Wednesday, June 11, 2008

A Literary Birthday

Today, according to the New York Times' On This Day page, was the birthdate of Yasunari Kawabata, the first Japanese to win the Nobel Prize for Literature (1968). (Wikipedia lists his birthdate as June 14, so once again I find disparate sources regarding an author's birthday).

In any case, Kawabata earned the Nobel Prize for three of his books in particular, one of which is the spare and lovely SNOW COUNTRY. I have a colleague who absolutely hates this novel, but each time I read it I find something more lovely in it because of its sadness, and because of the very Japanese notion that what is fleeting, what is temporal, is more lovely because of its evanescence.

It is the story of a married man who goes to a Hot Springs resort in the snowy mountainous region, where the Geisha have bad reputations and limited futures. He falls in love with the Geisha he meets there, and she with him--but that's all I can say without spoiling the story.

Kawabata himself had a reputation for melancholy in his work. He addressed this in his Nobel Prize acceptance speech: "My own works have been described as works of emptiness, but it is not to be taken for the nihilism of the West." A noteable distinction, as was his mention of some of his peers who had died by suicide. Kawabata seemed to find this regrettable but at the same time interesting; he said "I neither admire nor am in sympathy with suicide . . . " but later in the same paragraph he asks, "Is there one who does not think of suicide?"

Perhaps he foreshadowed his decision to take his own life (in 1972).

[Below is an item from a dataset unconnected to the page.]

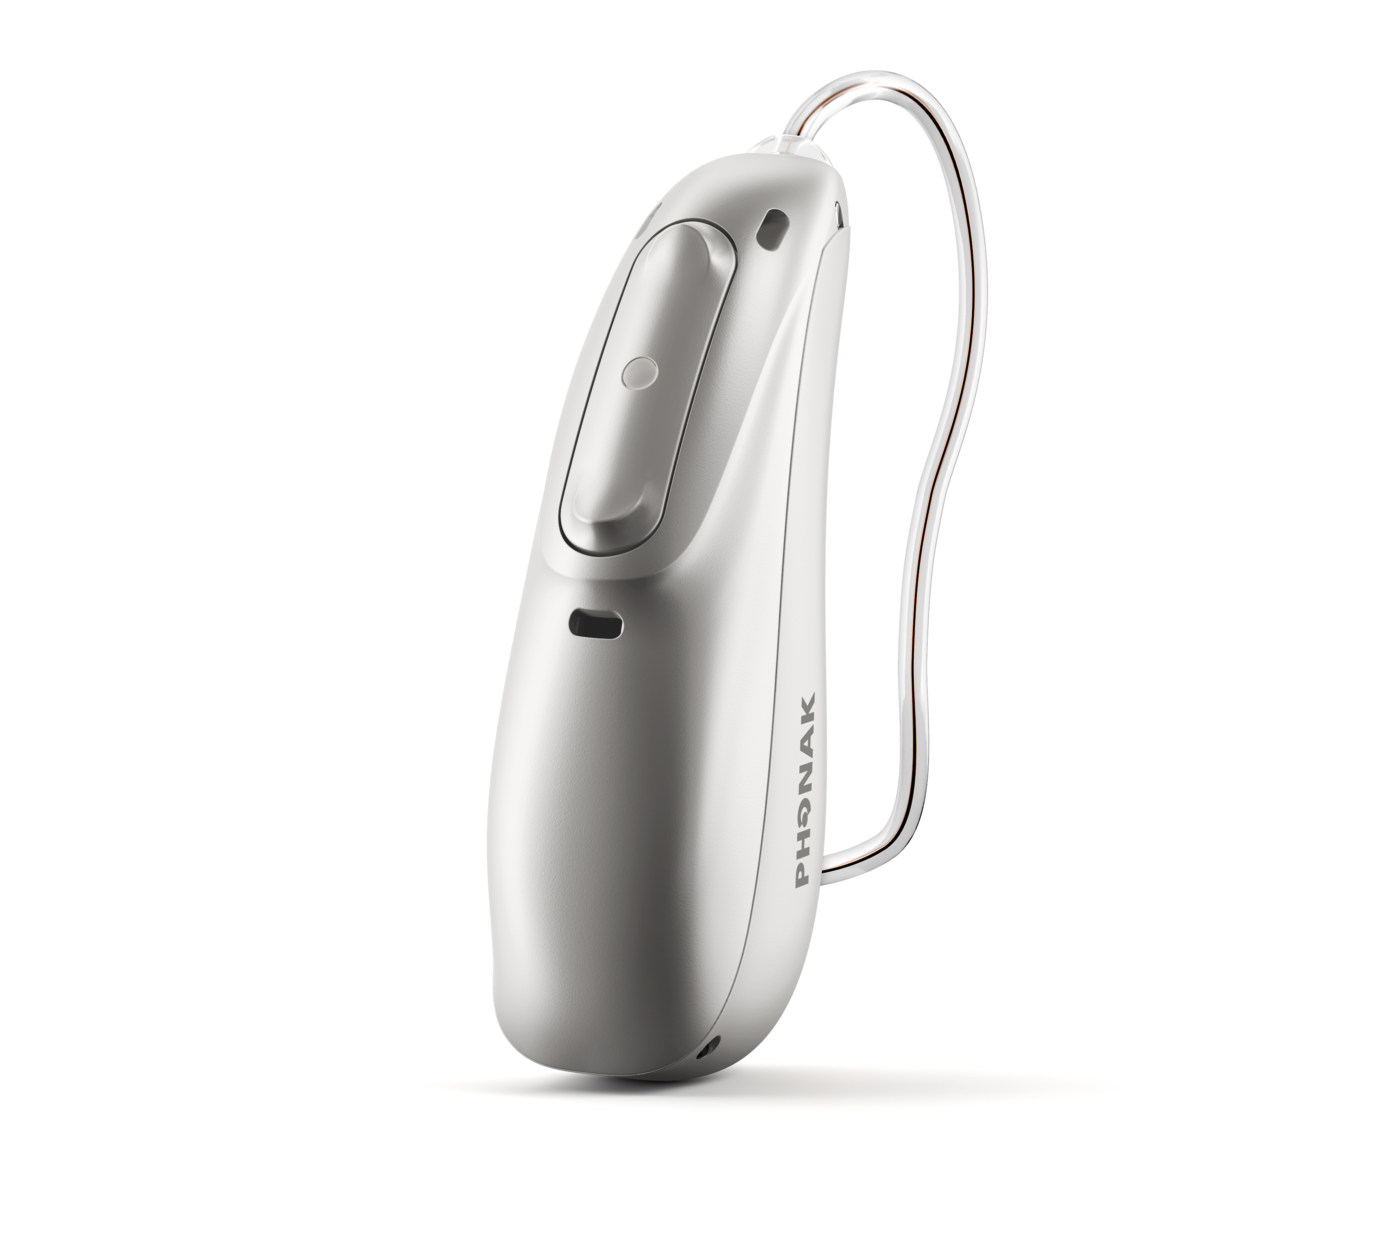 Phonak Audéo Lumity L-P Receiver-in-Canal hearing aid.

I wonder if it was the poet in Kawabata that kept him always on the verge of thoughts of sadness and death. He likened the style of his novels to the style of the Japanese haiku; in fact, he began his Nobel Speech with a poem he loved:

"The winter moon comes from the clouds to keep me company.
The wind is piercing, the snow is cold."
---Myoe

This poem, ironically, sums up the mood of SNOW COUNTRY, a novel which is both beautiful and sad. Kawabata, I think, would suggest that the two often go hand in hand.